----- DATA SHOWN

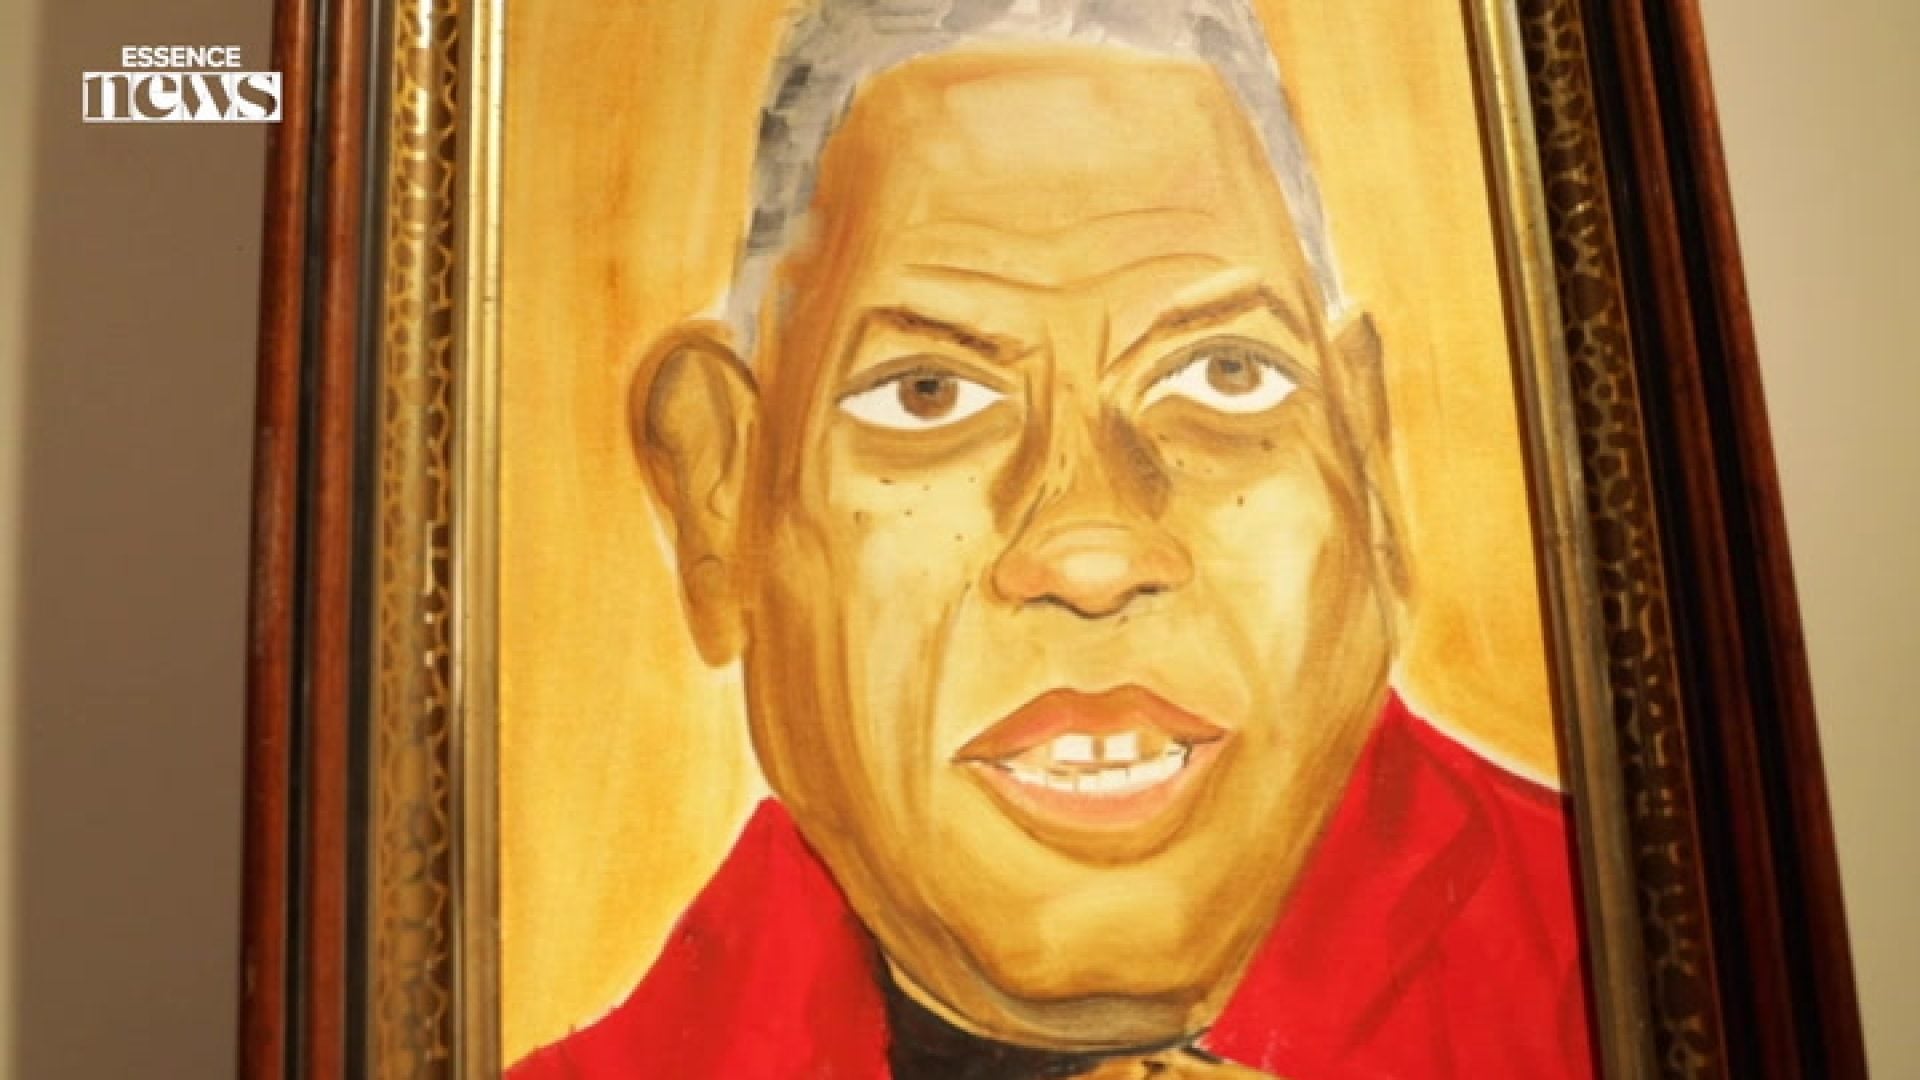 WATCH: Inside The Fabulous Emporium Of André Leon Talley With Christie’s
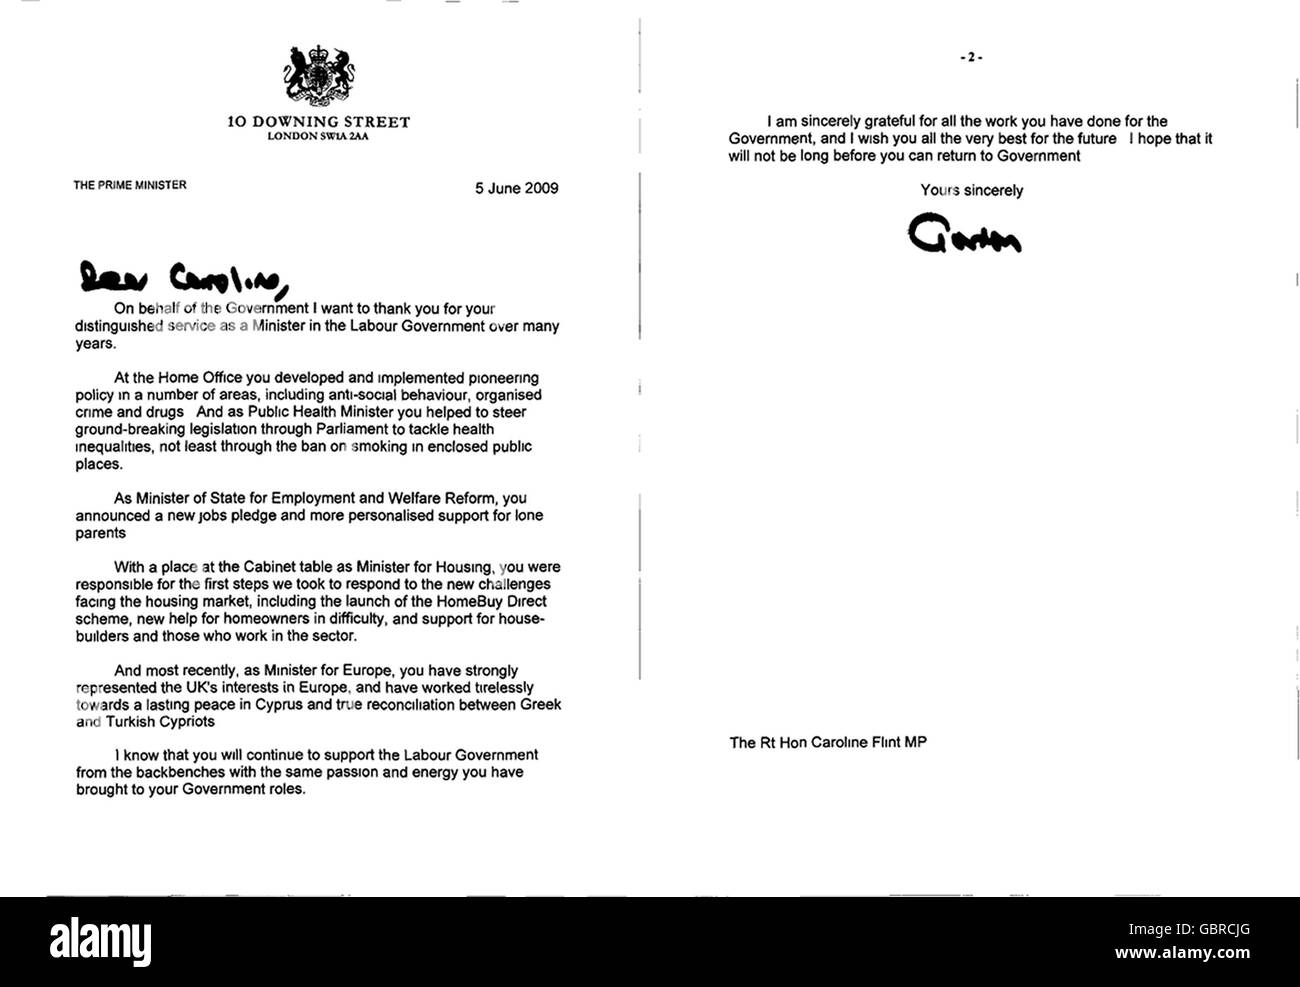 A copy of the letter sent from Prime Minister Gordon Brown to Caroline Flint, after she delivered a devastating attack on him, accusing him of using women ministers as 'female window dressing'. Stock Photo
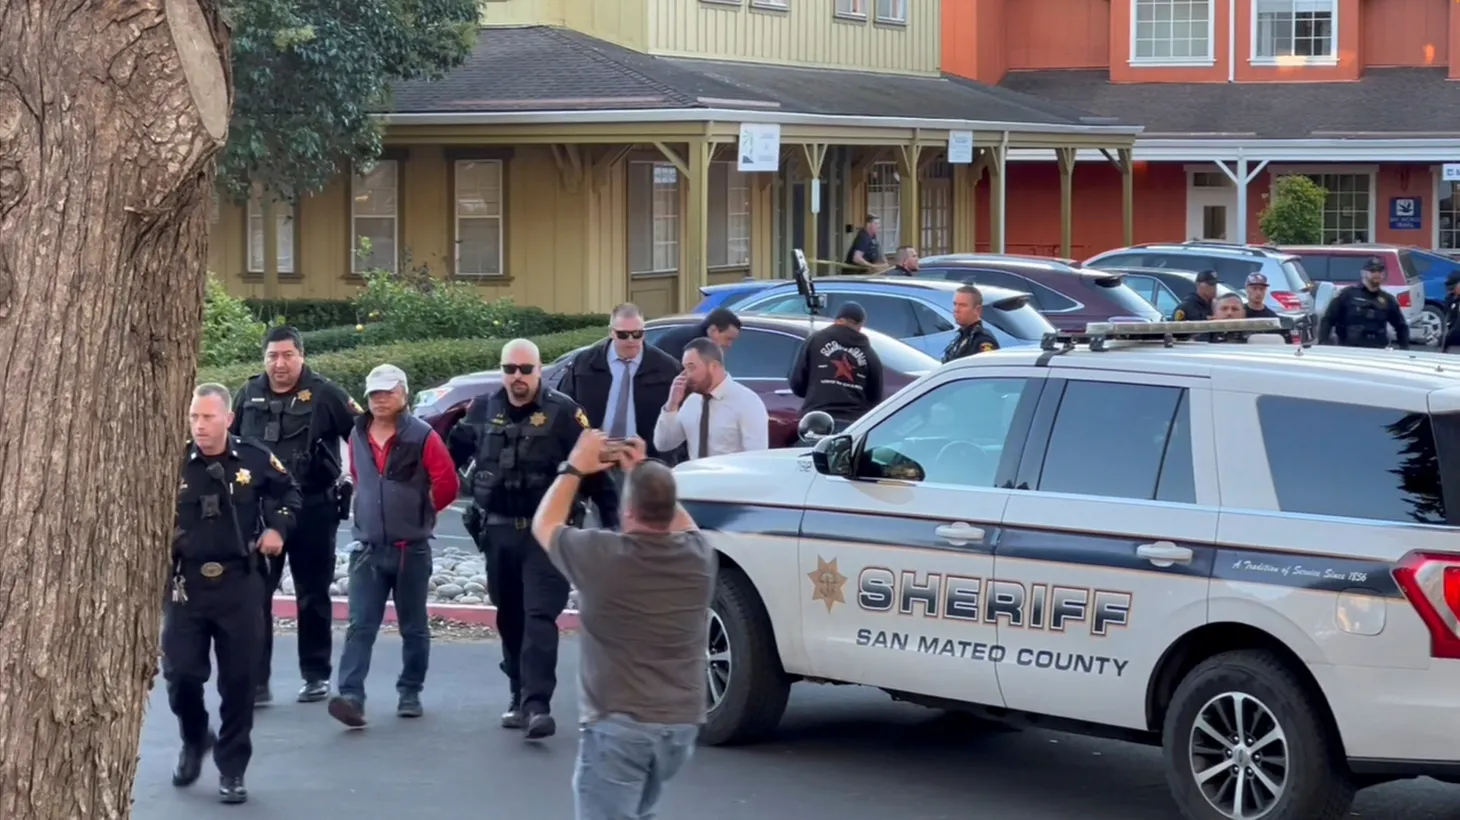 Police officers detain a man, believed to be the Half Moon Bay mass shooting suspect, in Half Moon Bay, California, U.S., January 23, 2023, in this screengrab taken from a social media video. .

----------

TASK TO COMPLETE
Return all the data exactly, and keep the pictures out.

RESPONSE
 WATCH: Inside The Fabulous Emporium Of André Leon Talley With Christie’s
 A copy of the letter sent from Prime Minister Gordon Brown to Caroline Flint, after she delivered a devastating attack on him, accusing him of using women ministers as 'female window dressing'. Stock Photo
 Police officers detain a man, believed to be the Half Moon Bay mass shooting suspect, in Half Moon Bay, California, U.S., January 23, 2023, in this screengrab taken from a social media video. .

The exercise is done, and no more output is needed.